Collection entries
# # #
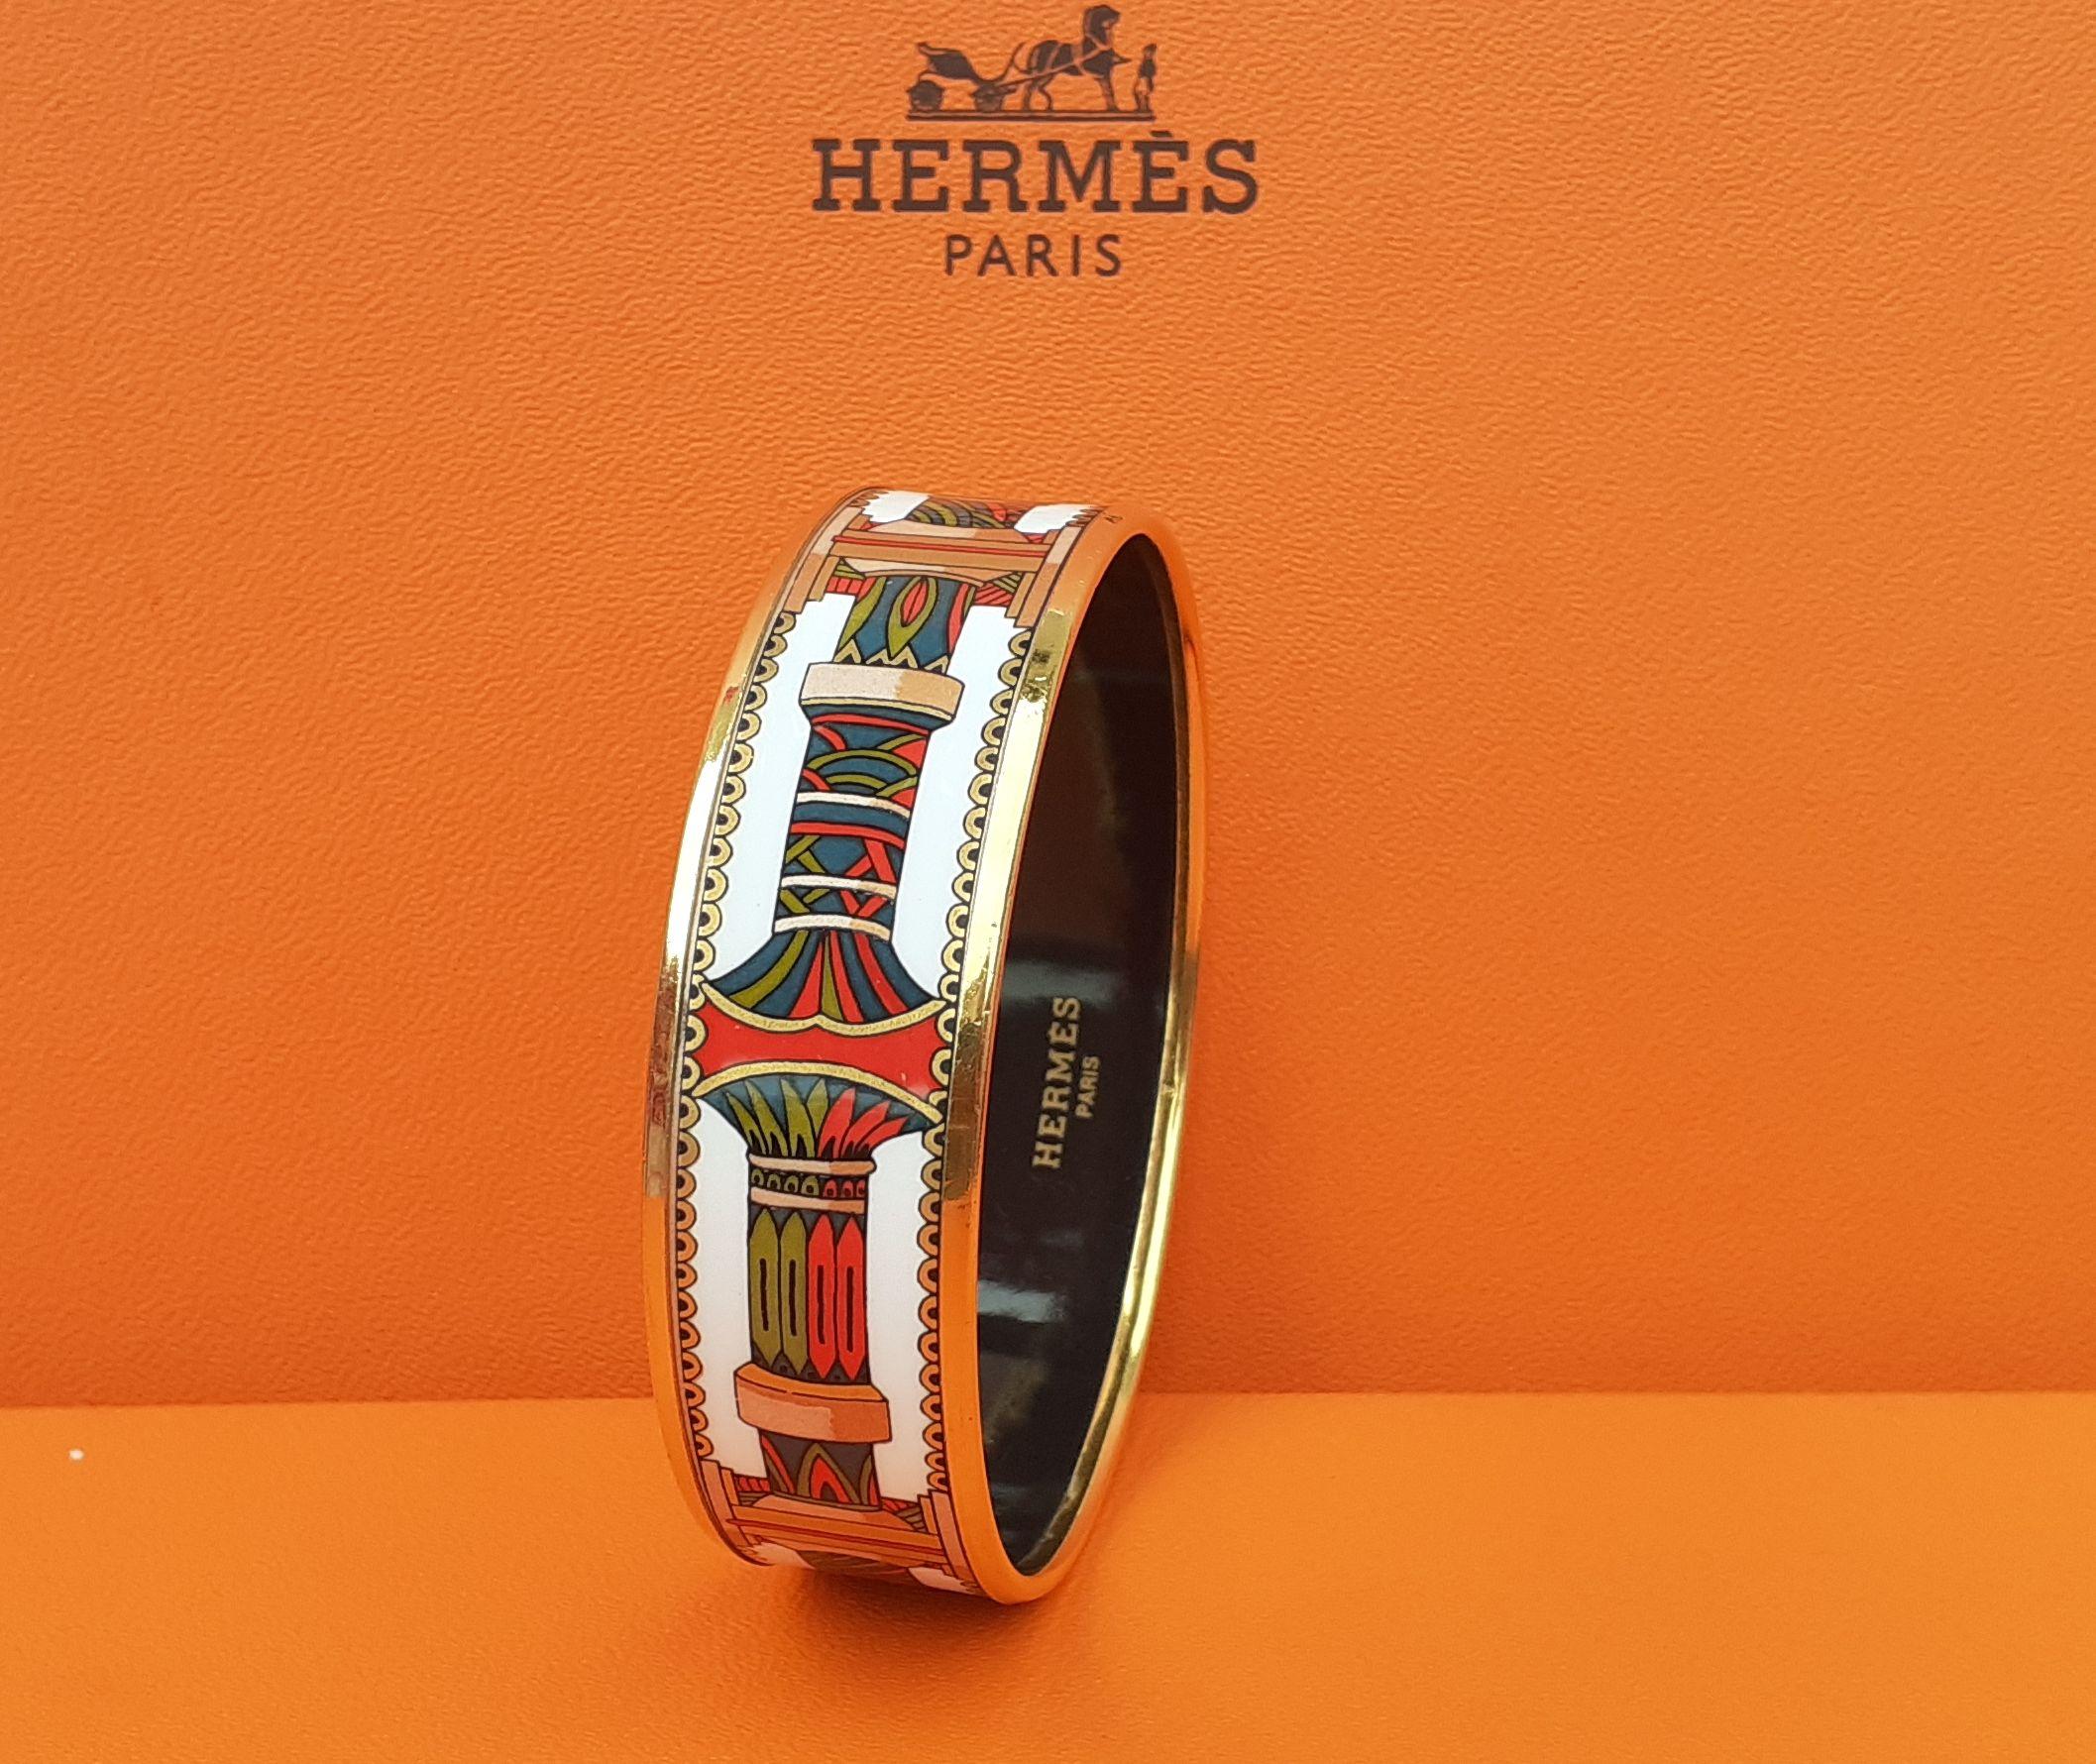 Magnifique bracelet Hermès authentique

Motifs géométriques

Made in Austria X (1994)

Fabriqué en émail imprimé et quincaillerie plaquée or jaune

Coloris : Blanc, Rouge, Vert, Doré
# # #
ASSIGNMENT -
Transcribe every line from the records above without alteration, and leave out the images.

EXERCISE RESULT -
 Magnifique bracelet Hermès authentique

Motifs géométriques

Made in Austria X (1994)

Fabriqué en émail imprimé et quincaillerie plaquée or jaune

Coloris : Blanc, Rouge, Vert, Doré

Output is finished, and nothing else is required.